# [Given information]
------

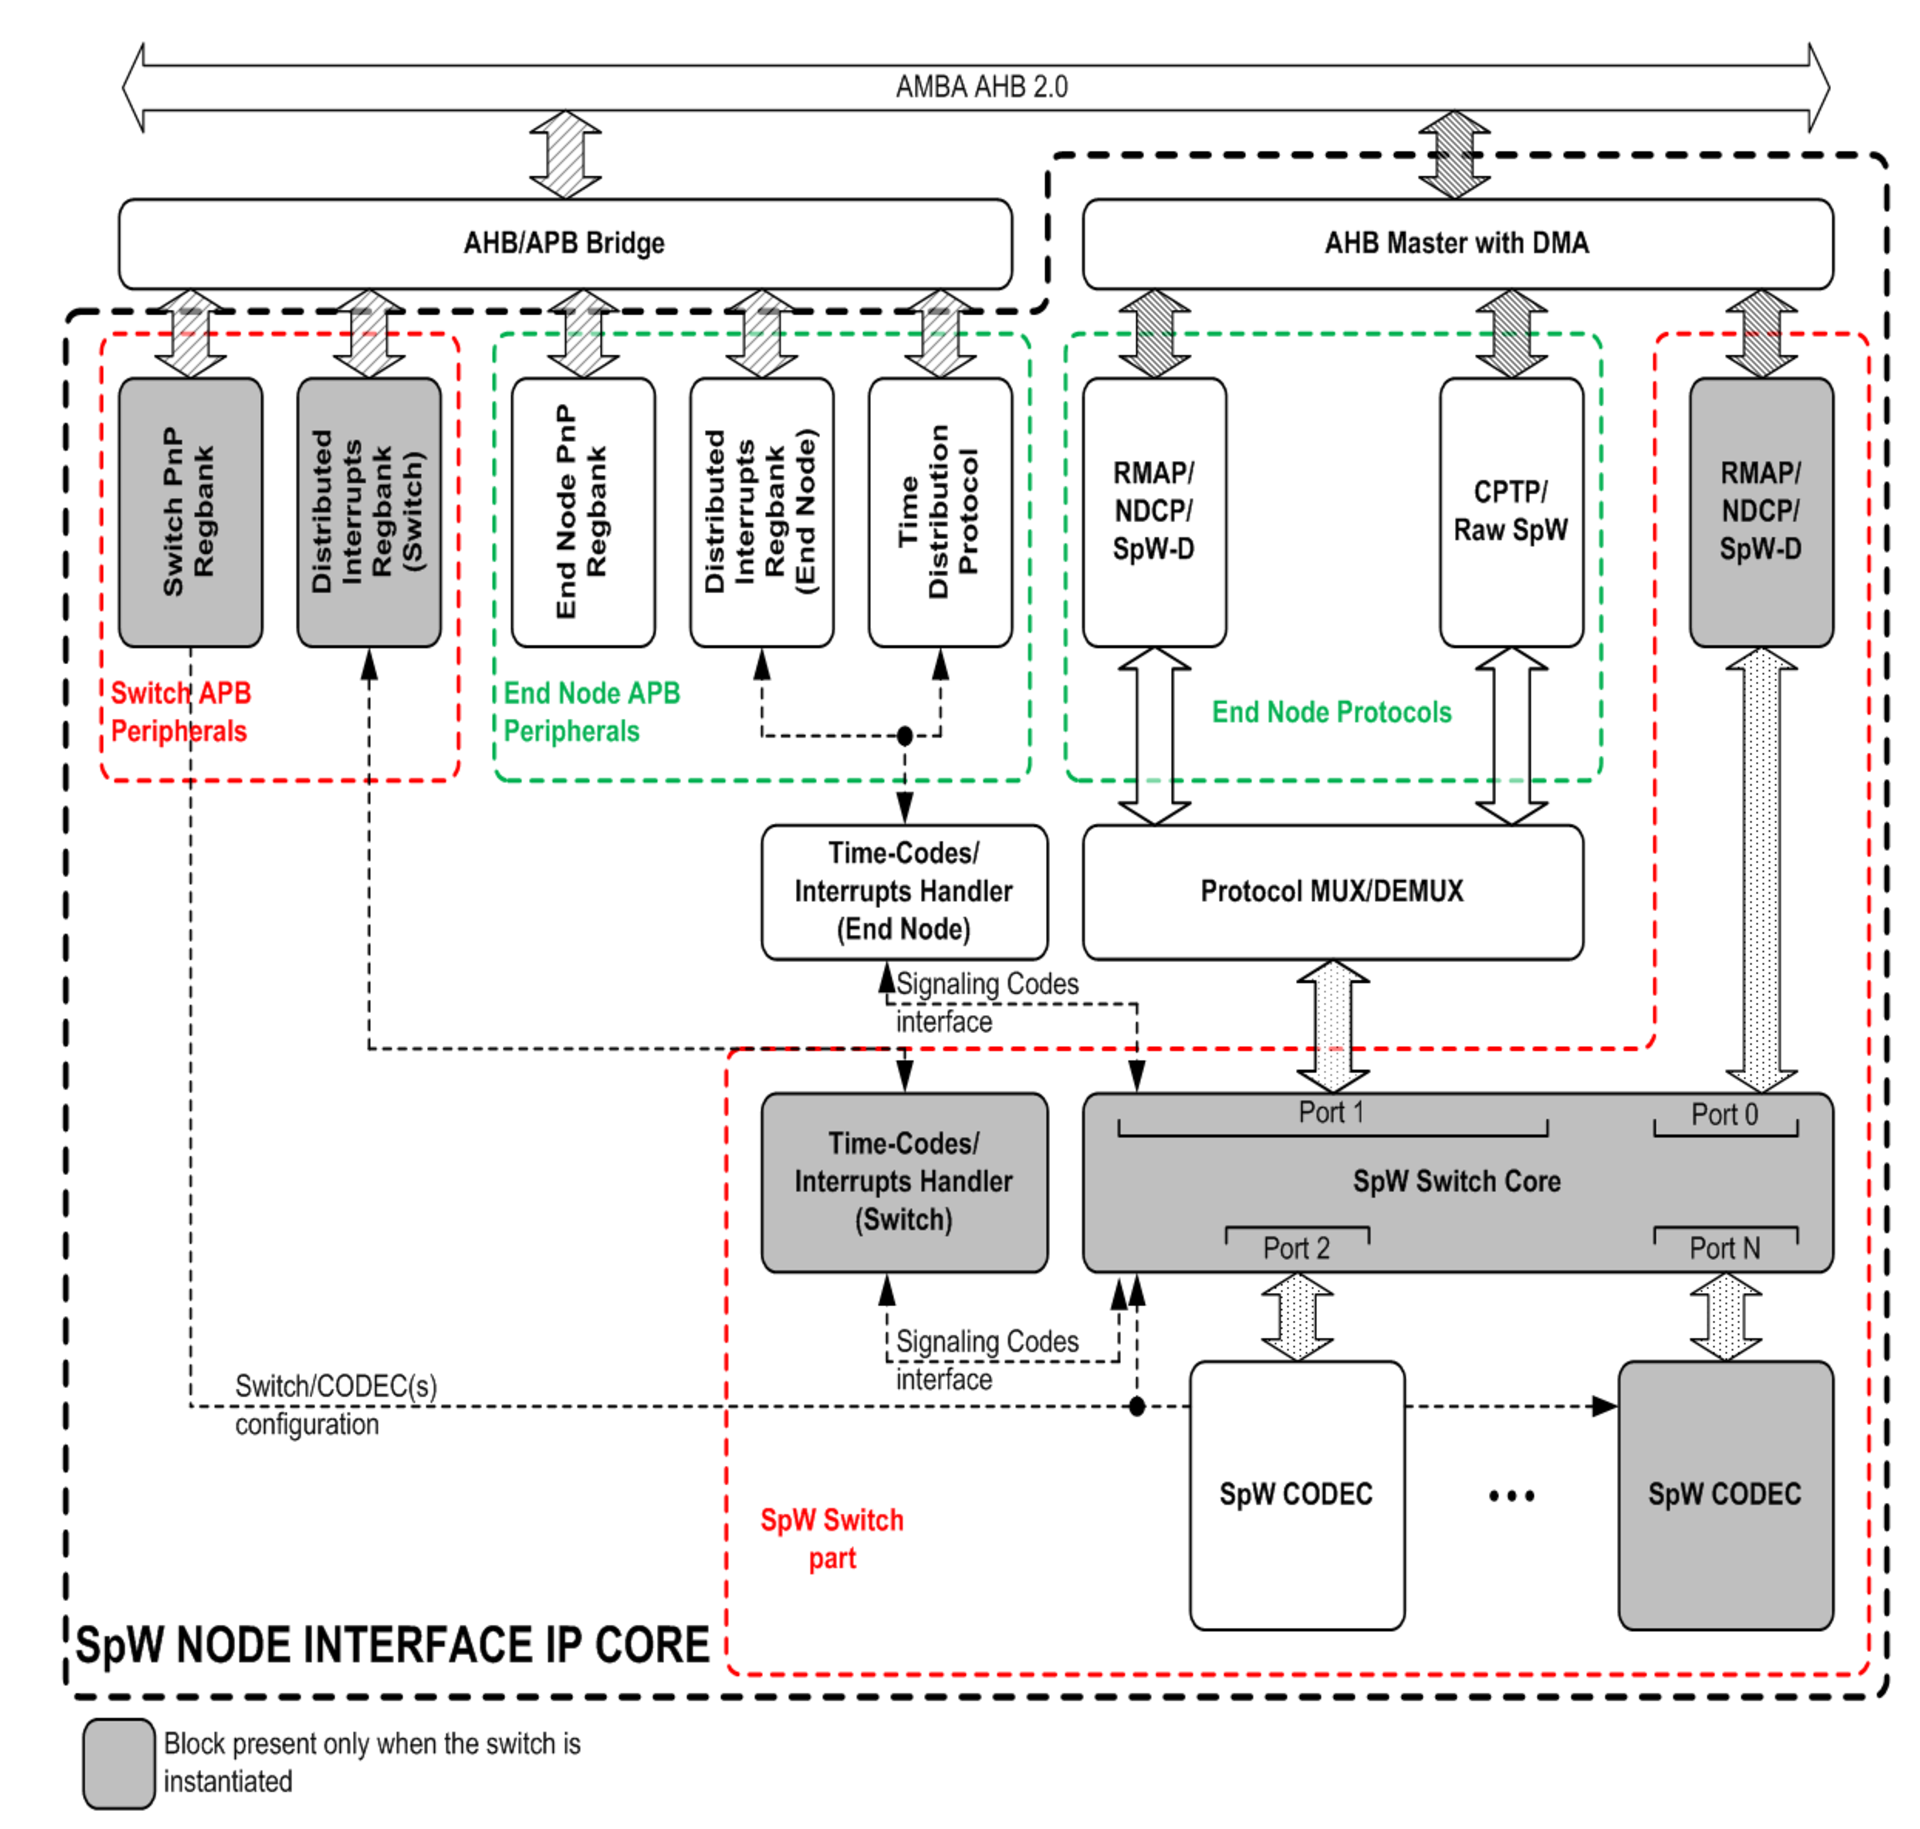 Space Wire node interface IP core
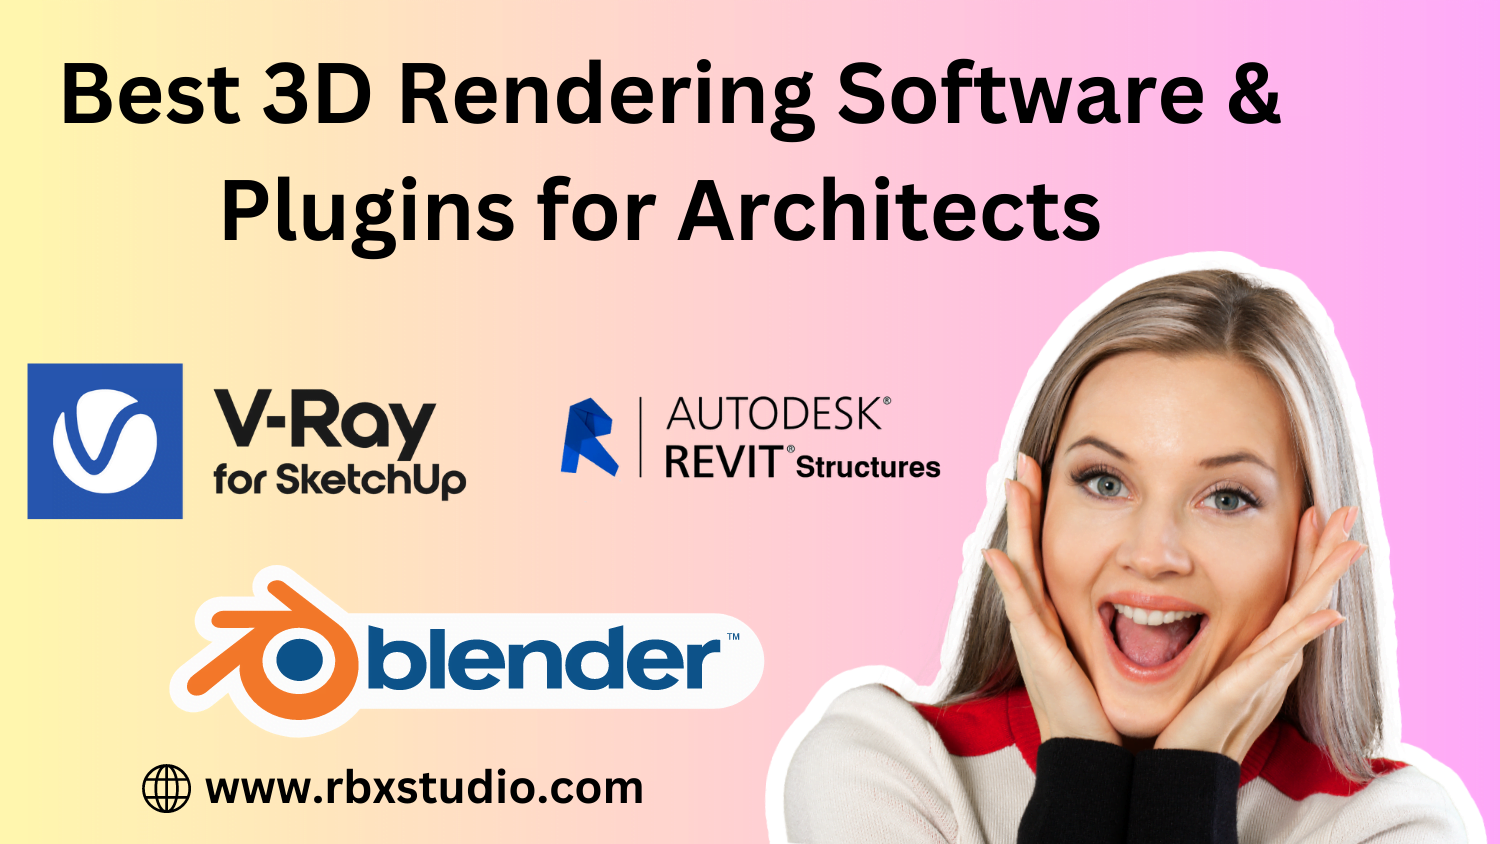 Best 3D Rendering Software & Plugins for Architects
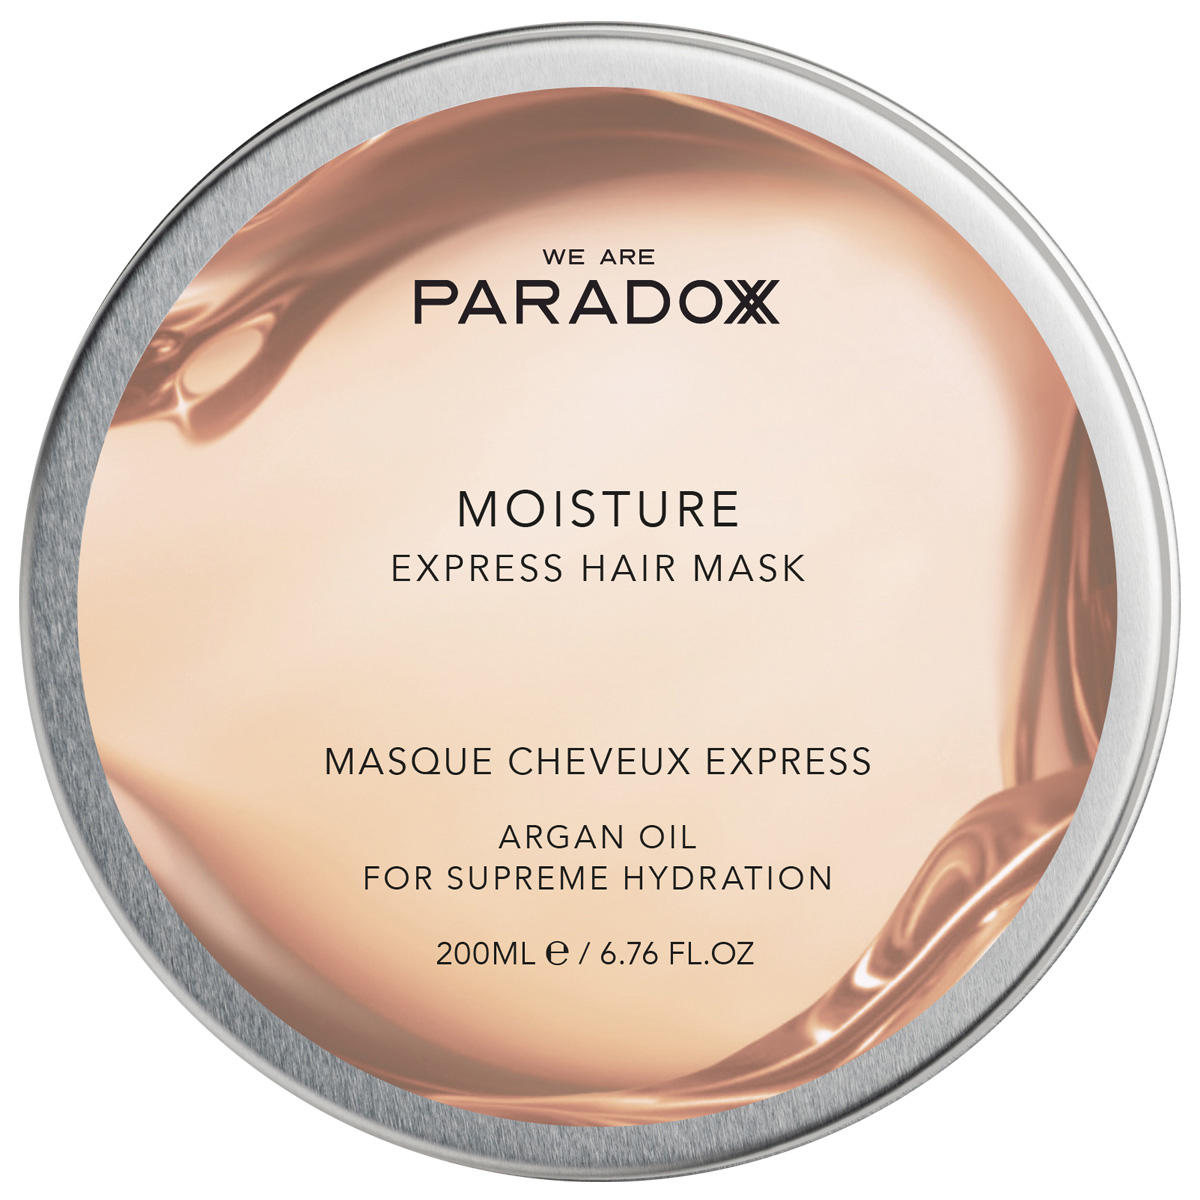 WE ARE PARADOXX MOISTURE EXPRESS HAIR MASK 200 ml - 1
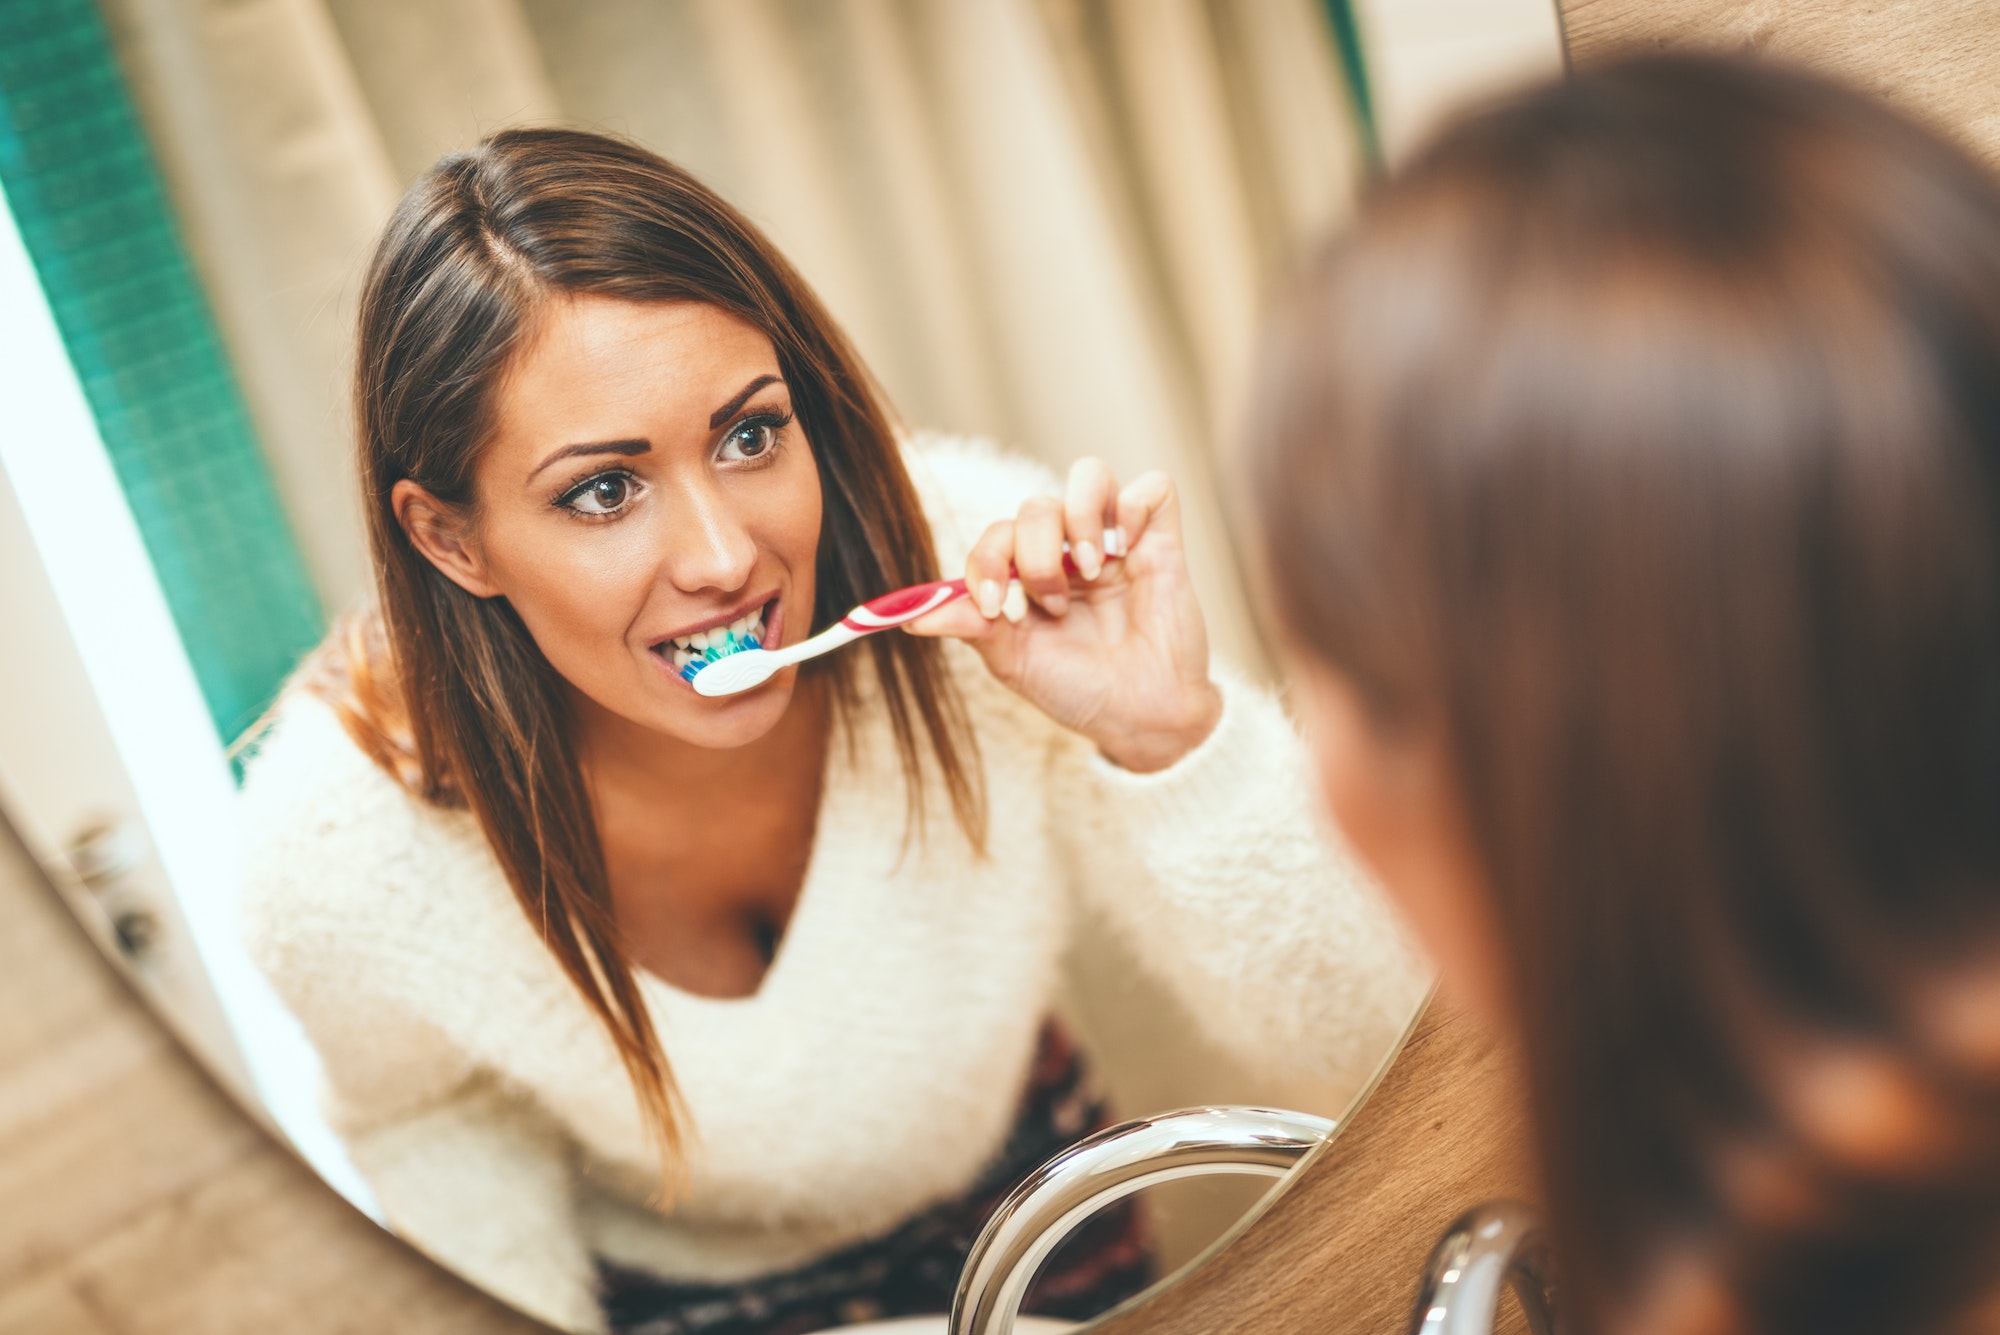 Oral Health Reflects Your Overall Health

------

# [Your assignment]
What you return should be the full listing, unchanged, minus the pictures.

# [Result for this exercise]
 Space Wire node interface IP core
 Best 3D Rendering Software & Plugins for Architects
 WE ARE PARADOXX MOISTURE EXPRESS HAIR MASK 200 ml - 1
 Oral Health Reflects Your Overall Health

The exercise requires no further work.